Simon beobachtete Dochais eine Weile, bemerkte das mühsame Atmen und das leichte Beben der Augenlider. Als er sich umdrehte, um nach Binabik zu sehen, der gerade vorsichtig den Verband von Langrians Kopf abwickelte, schoß wie eine Schlange aus dem schwarzen Gewand vor ihm eine Hand hervor und packte ihn mit erschreckend kraftvollem Griff vorn am Hemd.
Dochais, noch immer mit geschlossenen Augen, hatte sich ganz steif gemacht und den Rücken derart gekrümmt, daß seine Mitte sich vom Boden hob.
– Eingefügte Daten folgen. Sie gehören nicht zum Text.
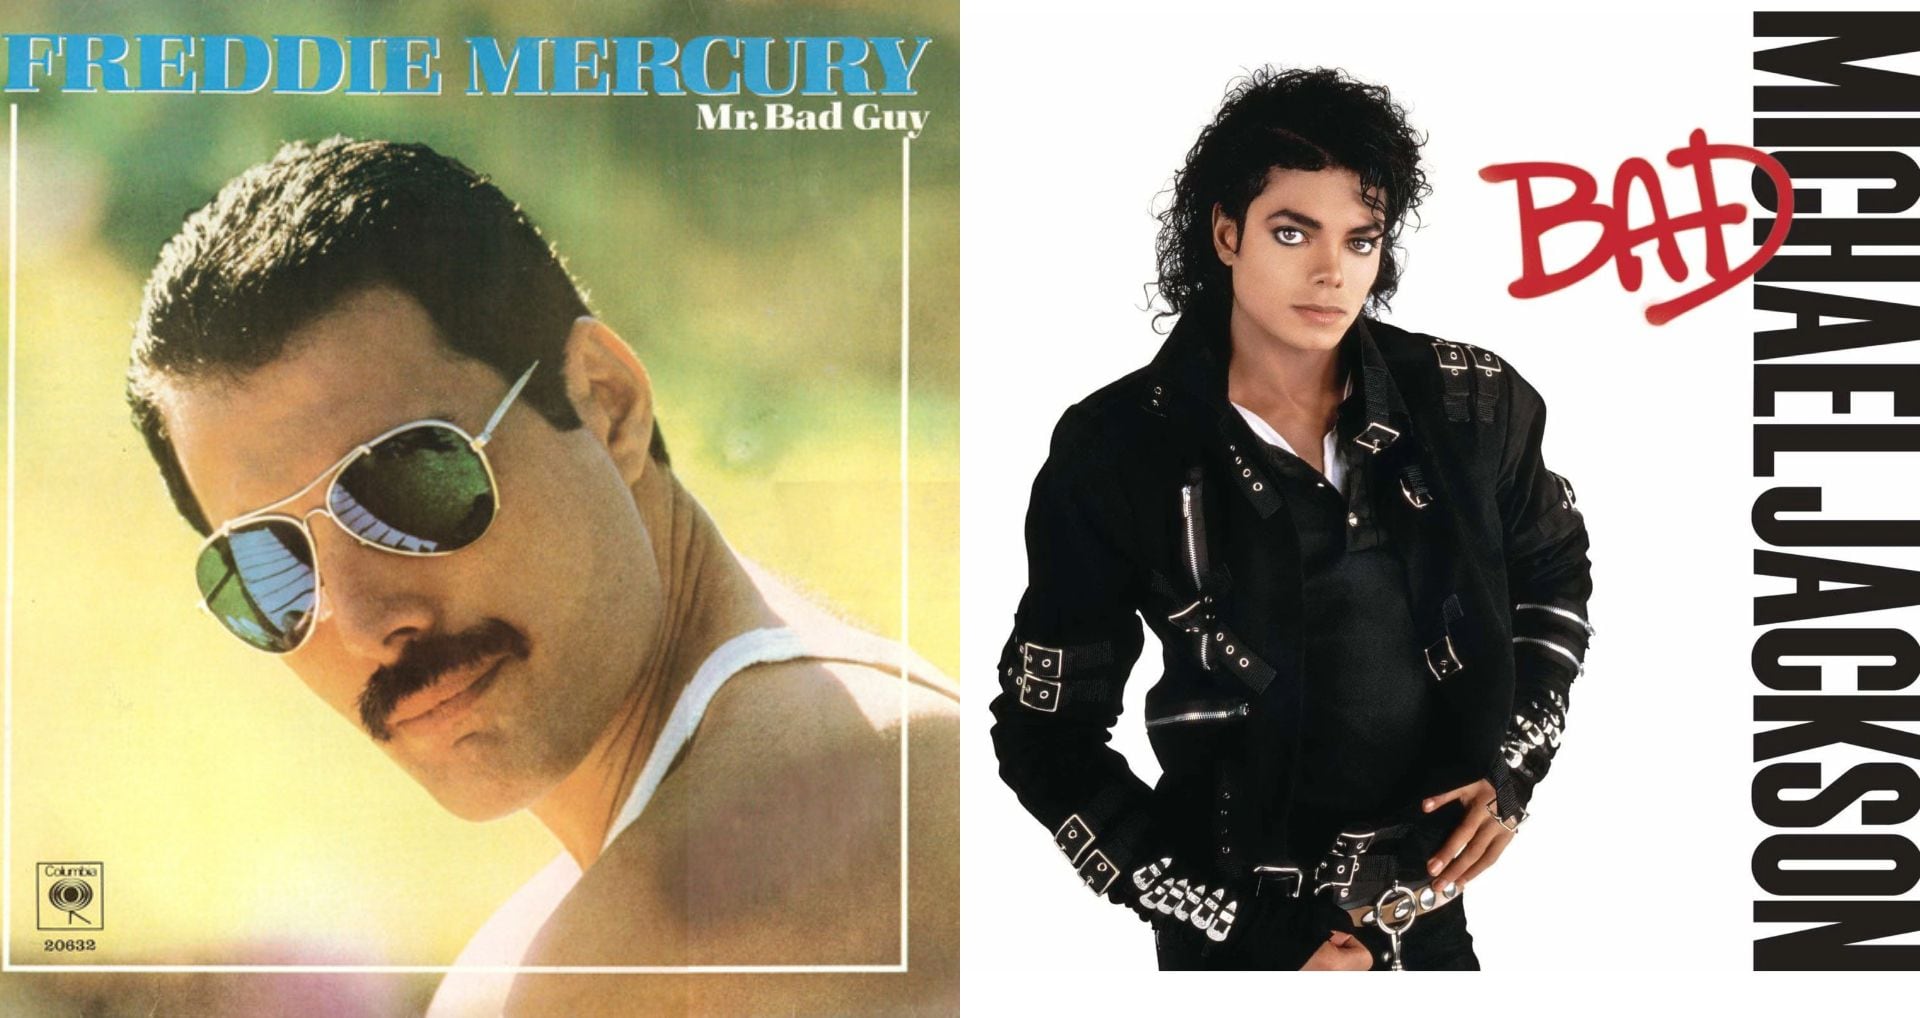 Tras su su intento de colaborar, Michael Jackson y Freddie Mercury nombraron a sus álbumes "Mr. Bad Guy" y "Bad", una aparente referencia a cómo se apodaron durante su reunión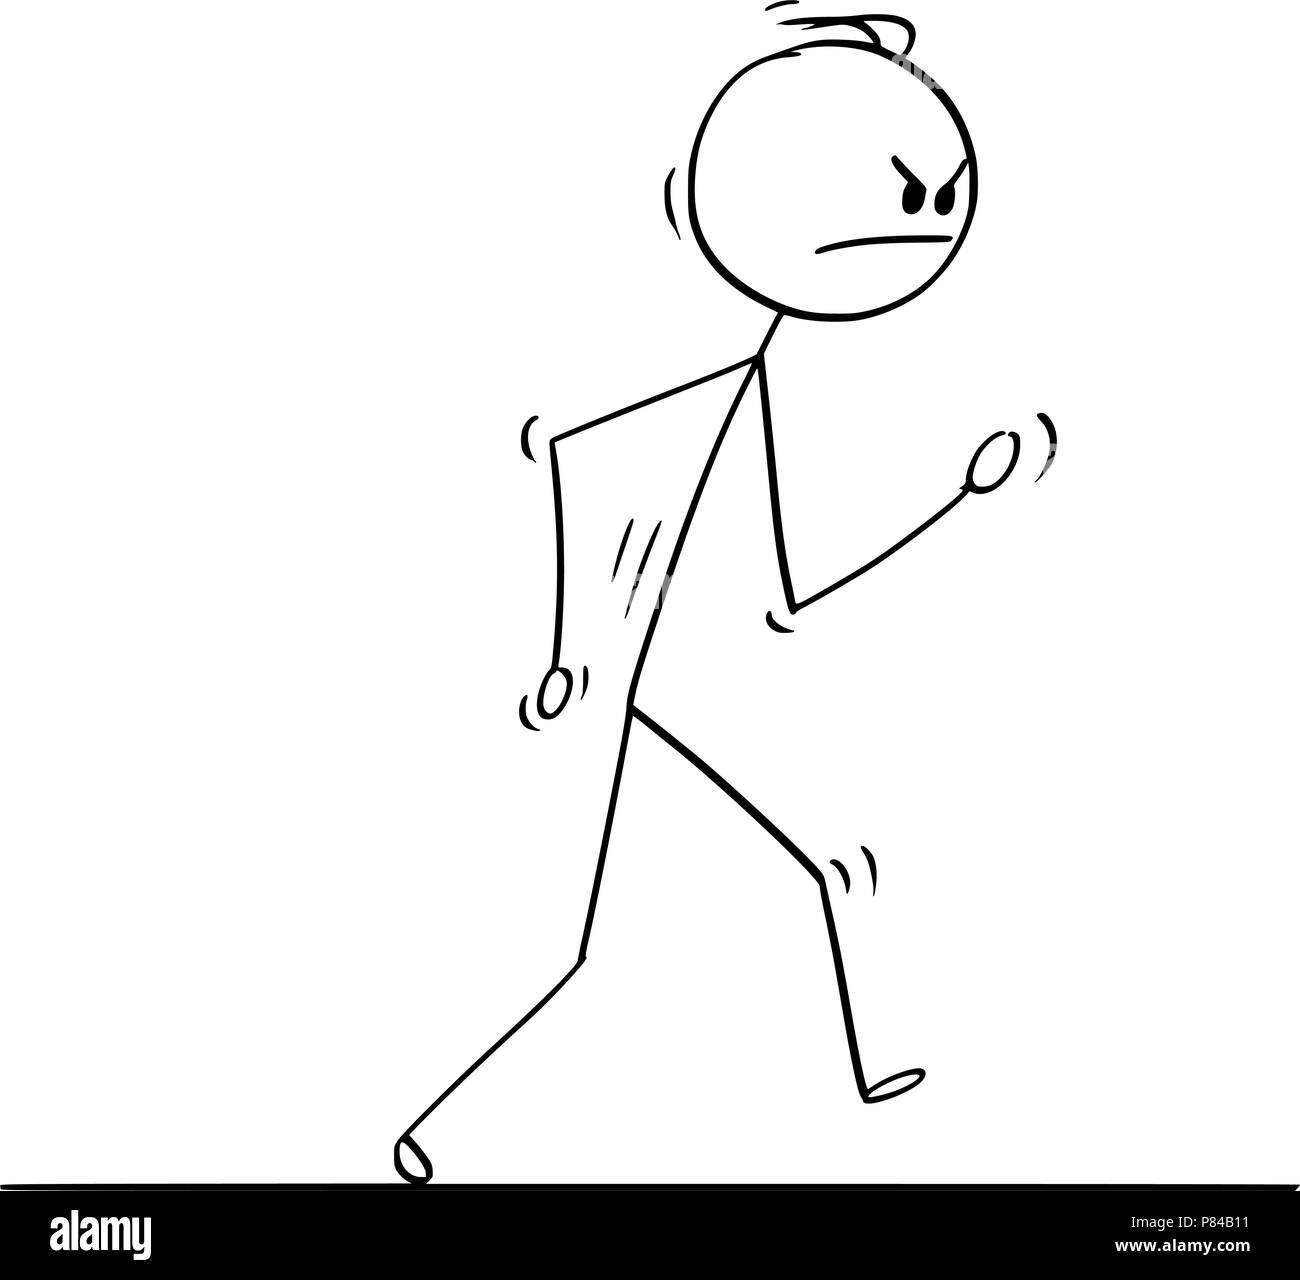 Cartoon of Angry Man Walking Vigorously Stock Vector

Sein Kopf war zurückgeworfen und wackelte ruckartig hin und her.
»Binabik!« schrie Simon, außer sich vor Entsetzen. »Er … er ist…«
»Aaah!« Die Stimme, die sich Dochais' gepreßter Kehle entrang, war rauh vor Qual. »Der schwarze Wagen! Seht, er kommt mich holen!«
Wieder schlug er um sich wie ein Fisch an Land, und bei seinen Worten fühlte Simon einen Schauder neu erwachenden Grauens.
Der Berggipfel … ich erinnere mich … und das Knarren schwarzer Räder … o Morgenes, was tue ich hier?
Eine Sekunde später, während Binabik und Hengfisk noch verwirrt von der anderen Seite der Feuergrube herüberstarrten, hatte Dochais Simon zu sich herangezogen, bis das Gesicht des Jungen die vor Furcht verzerrten Züge des Hernystiri fast berührte.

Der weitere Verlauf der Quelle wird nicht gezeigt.